Hi @alamb. After thinking twice about the renaming, I suggest we leave the substring by byte as the implicit version, and make substring by char as an explicit version, so that we can make minimize API change (because the current substring is by byte) and easily extend the function:

function name	Supported array
substring	StringArray(by byte)(slow), BinaryArray, FixedSizeBinary, FixedSizedListArray, ListArray
unsafe substring	StringArray(by byte)(fast), and more if we find invalid outputs in the future
substring_by_char	StringArray

In this way, the back compatibility will not be broken.

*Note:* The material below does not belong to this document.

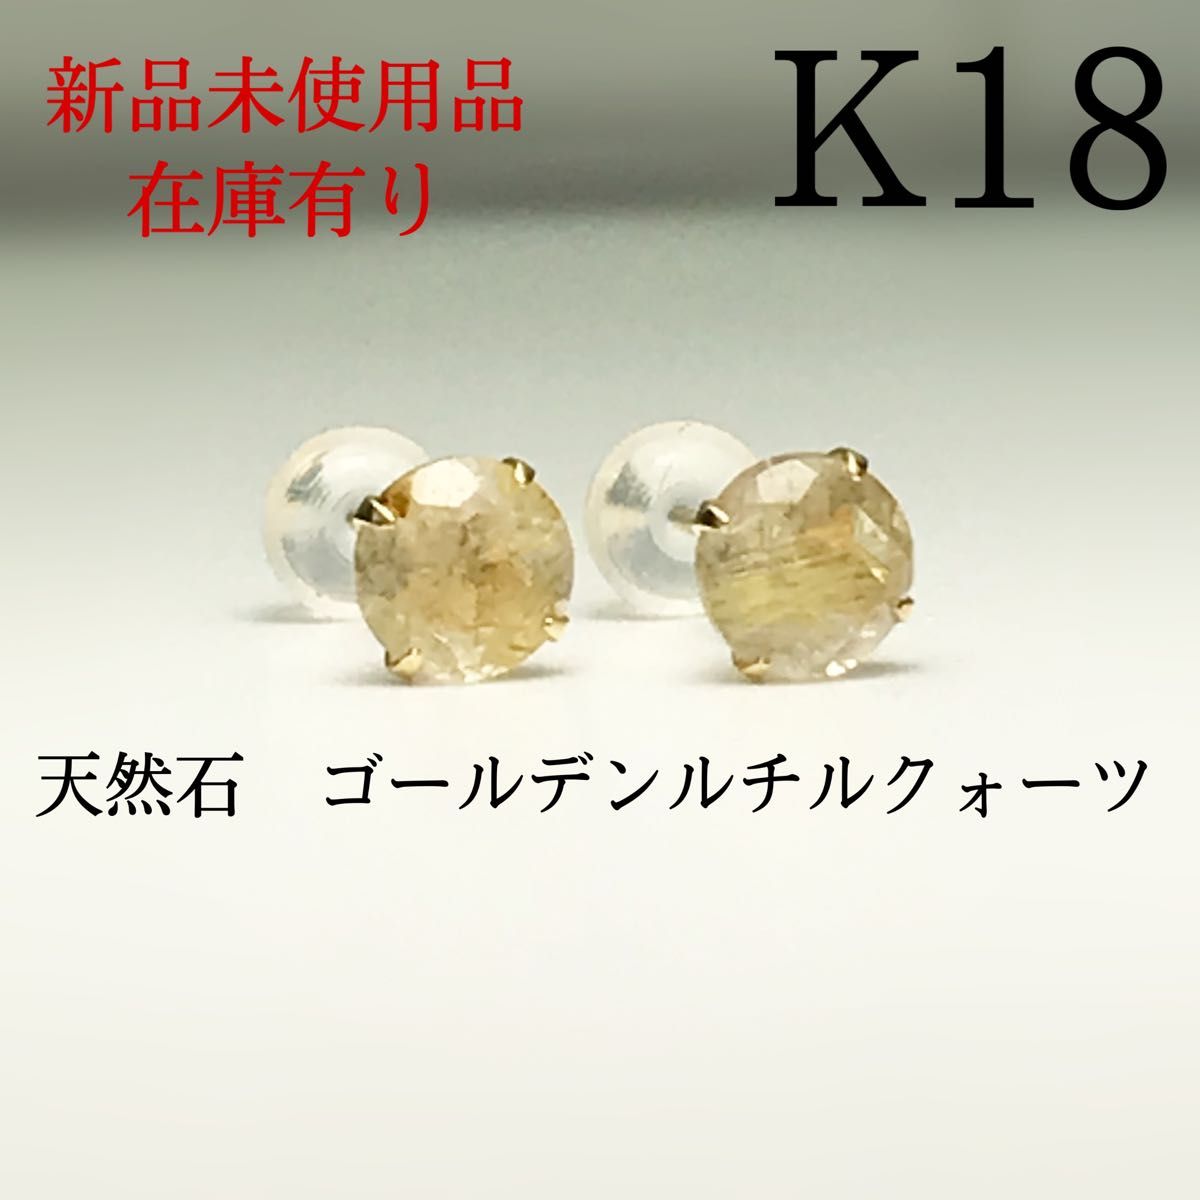 いいスタイル 新品 K18 K18 ピアス 18金 18k 5mm 5mm 天然石 水晶
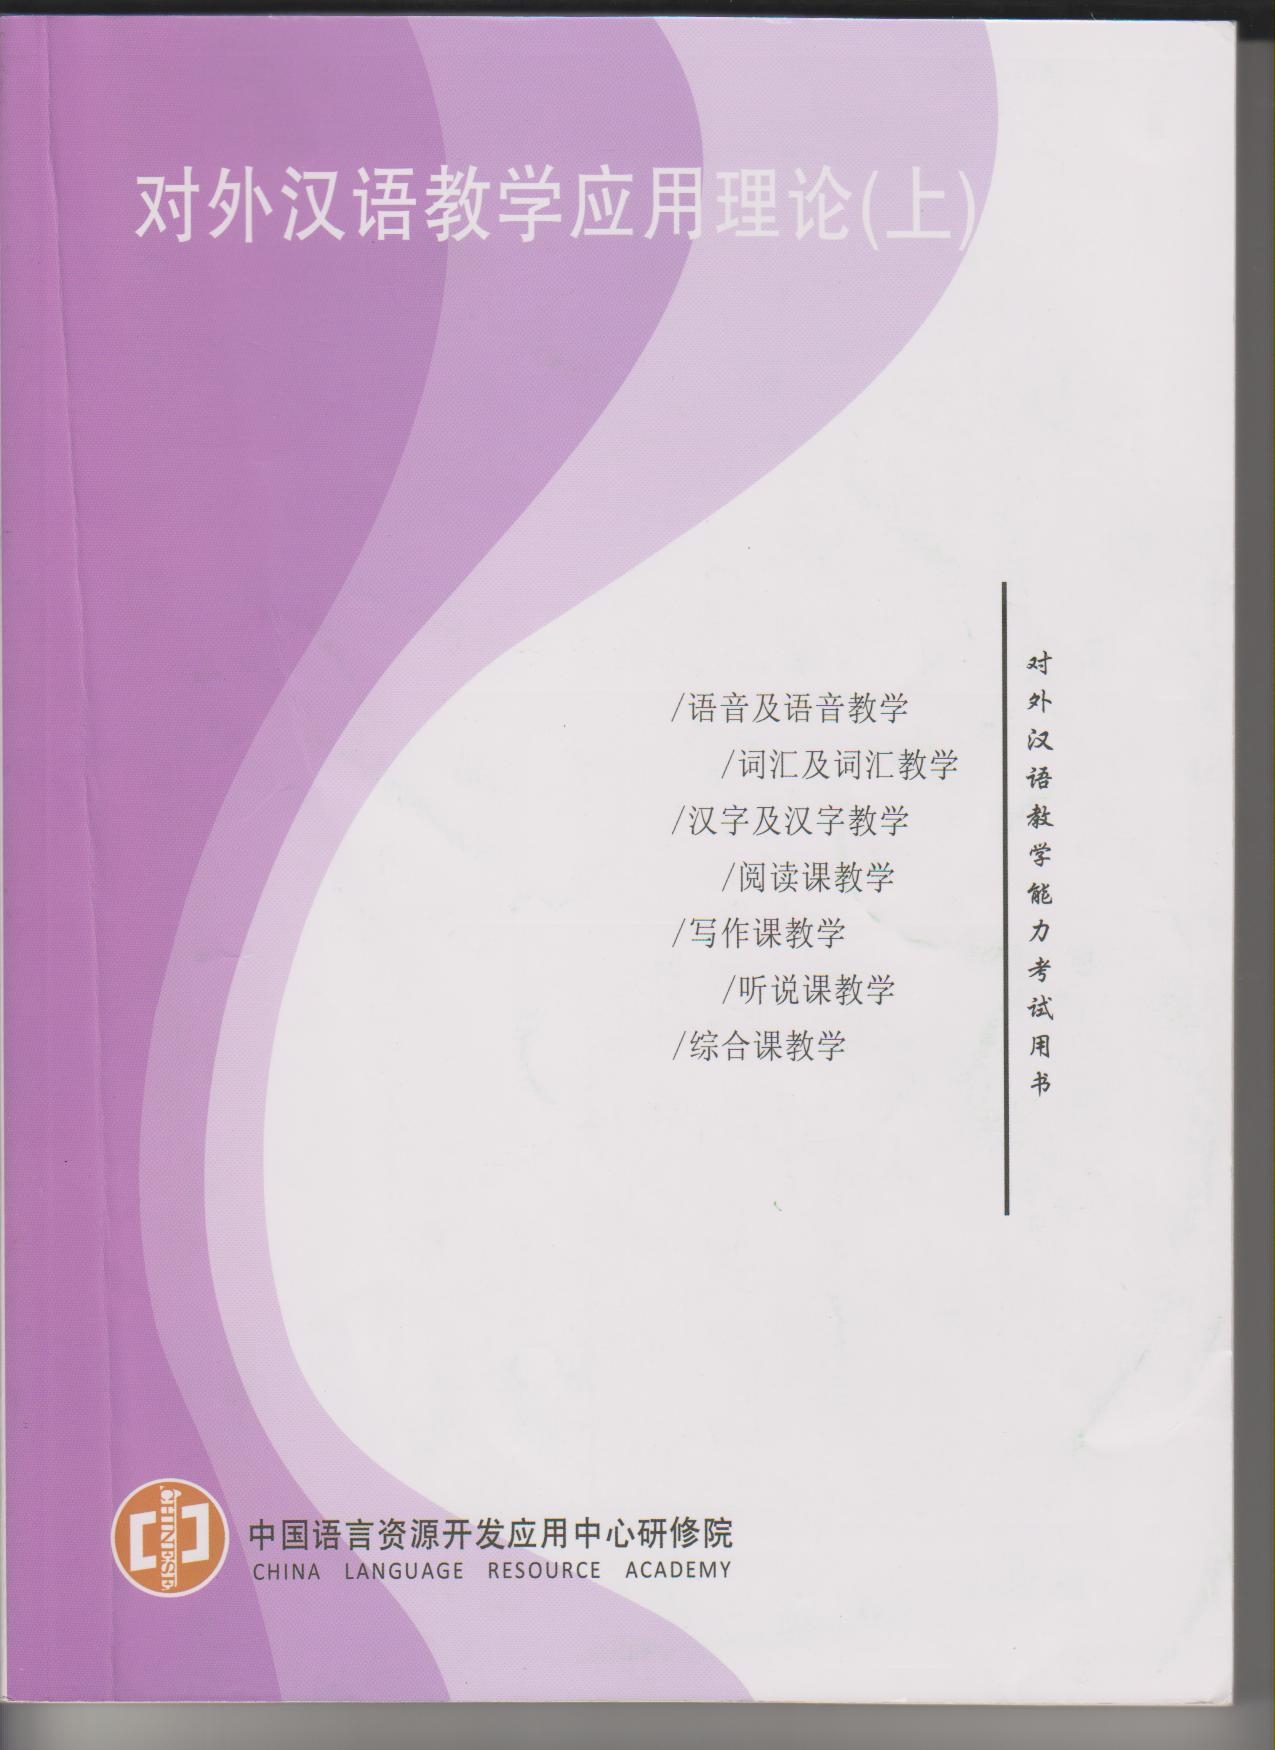 국제한어교사자격교과서(상)

alamb commented 2 years ago

Thank you for your thoughts @HaoYang670

I still think switching substring to use chars is preferable because:

For ascii (single byte utf8) text, bytes and chars are equivalent
If someone has multi-byte utf8 string data the substring calculations are likely subtlety incorrect and they are in danger if creating invalid utf8 when using substring
If we make substring (by bytes) safe, the performance will regress which some people will regard as backwards incompatible as well

Perhaps other maintainers such as @nevi-me @viirya @sunchao, @tustvold and @jhorstmann have some thoughts about if/how we should change substring to handle utf8 ?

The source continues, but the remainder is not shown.